第二个代码块怎么样?我们处于与第一个块中类似的场景:带有一个参数的闭包.

How about the second block of code? We are in a similar scenario as in the first block: closures with one argument.

• 我们知道 String 或 Void 比 Any 更具体，因此我们可以将其用作返回值
• (Int) ->Void 比 (Any) -> 更具体.Void(闭包变化规则)，所以我们可以用它作为参数

• we know that String, or Void, is more specific that Any, so we can use it as return value
• (Int) -> Void is more specific than (Any) -> Void (closure variance rules), so we can use it as argument

遵守闭包变化，因此 intResolver 和 stringResolver 是 anyResolver 的兼容匹配.这听起来有点违反直觉，但仍然遵循编译规则，并且允许赋值.
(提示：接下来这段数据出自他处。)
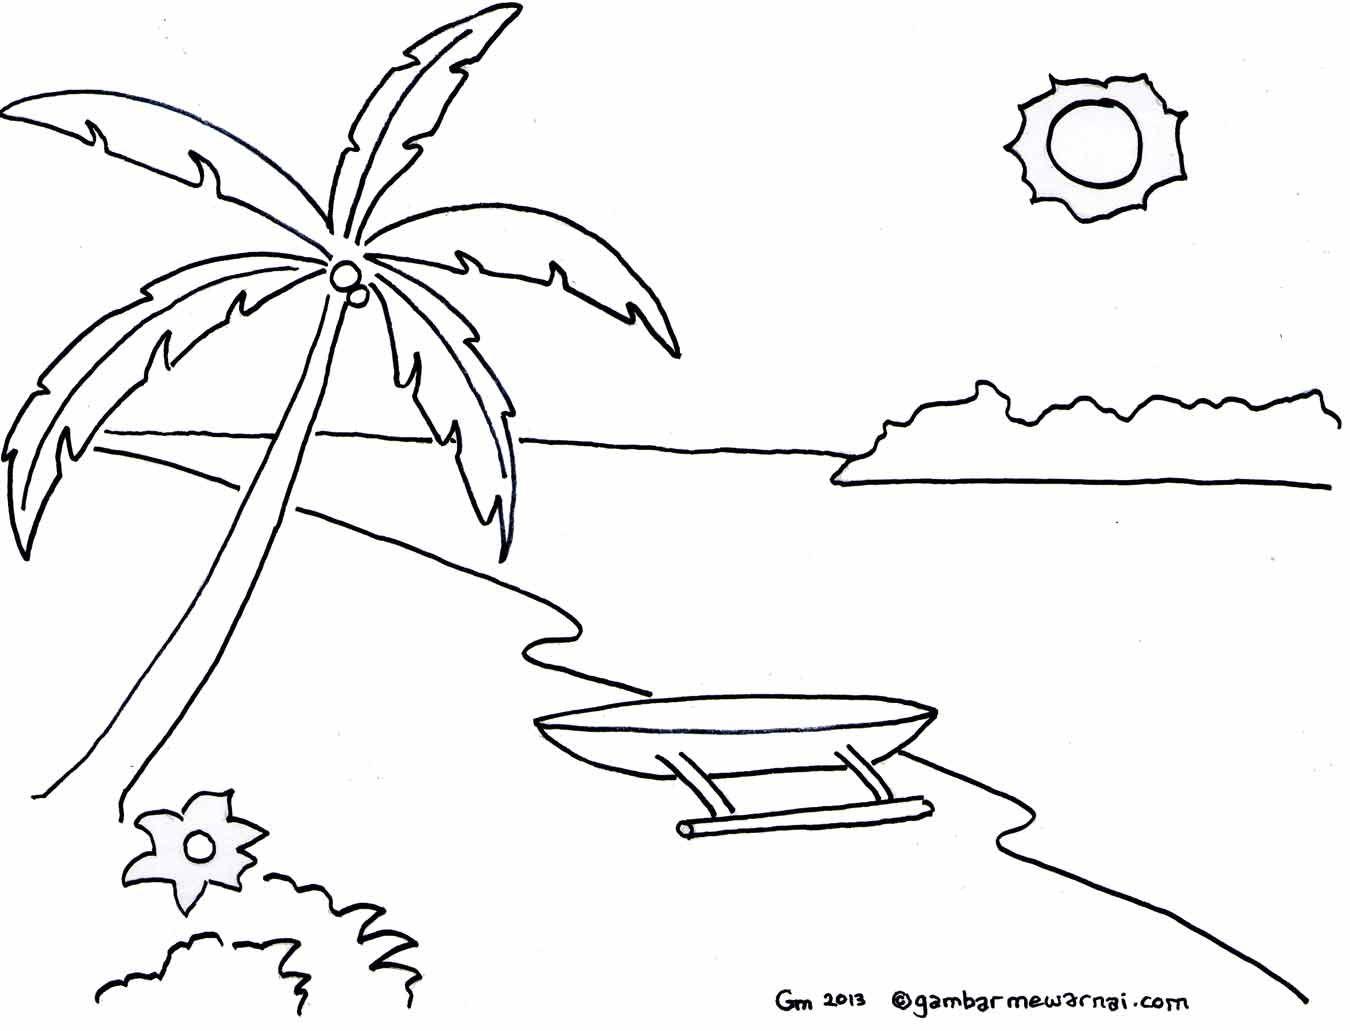 Mewarnai Gambar Pemandangan Pantai Buku Gambar Pemandangan

The closure variance is respected, thus intResolver and stringResolver are a compatible match for anyResolver. This sounds a little bit counter-intuitive, but still the compile rules are followed, and this allows the assignment.

然而，如果我们想使用闭包作为泛型参数，事情就变得复杂了，方差规则不再适用，这是因为 Swift 泛型(除了少数例外)在其类型方面是不变的:MyGenericType<即使 B: A 也无法将 B> 分配给 MyGenericType.例外是标准库结构，例如 Optional 和 Array.

Things complicate however if we want to use closures as generic arguments, the variance rules no longer apply, and this due to the fact that Swift generics (with few exceptions) are invariant in respect to their type: MyGenericType<B> can't be assigned to MyGenericType<A> even if B: A. The exceptions are standard library structs, like Optional and Array.

这篇关于类型转换/多态如何在 Swift 中使用这种嵌套的闭包类型?的文章就介绍到这了，希望我们推荐的答案对大家有所帮助，也希望大家多多支持编程学习网！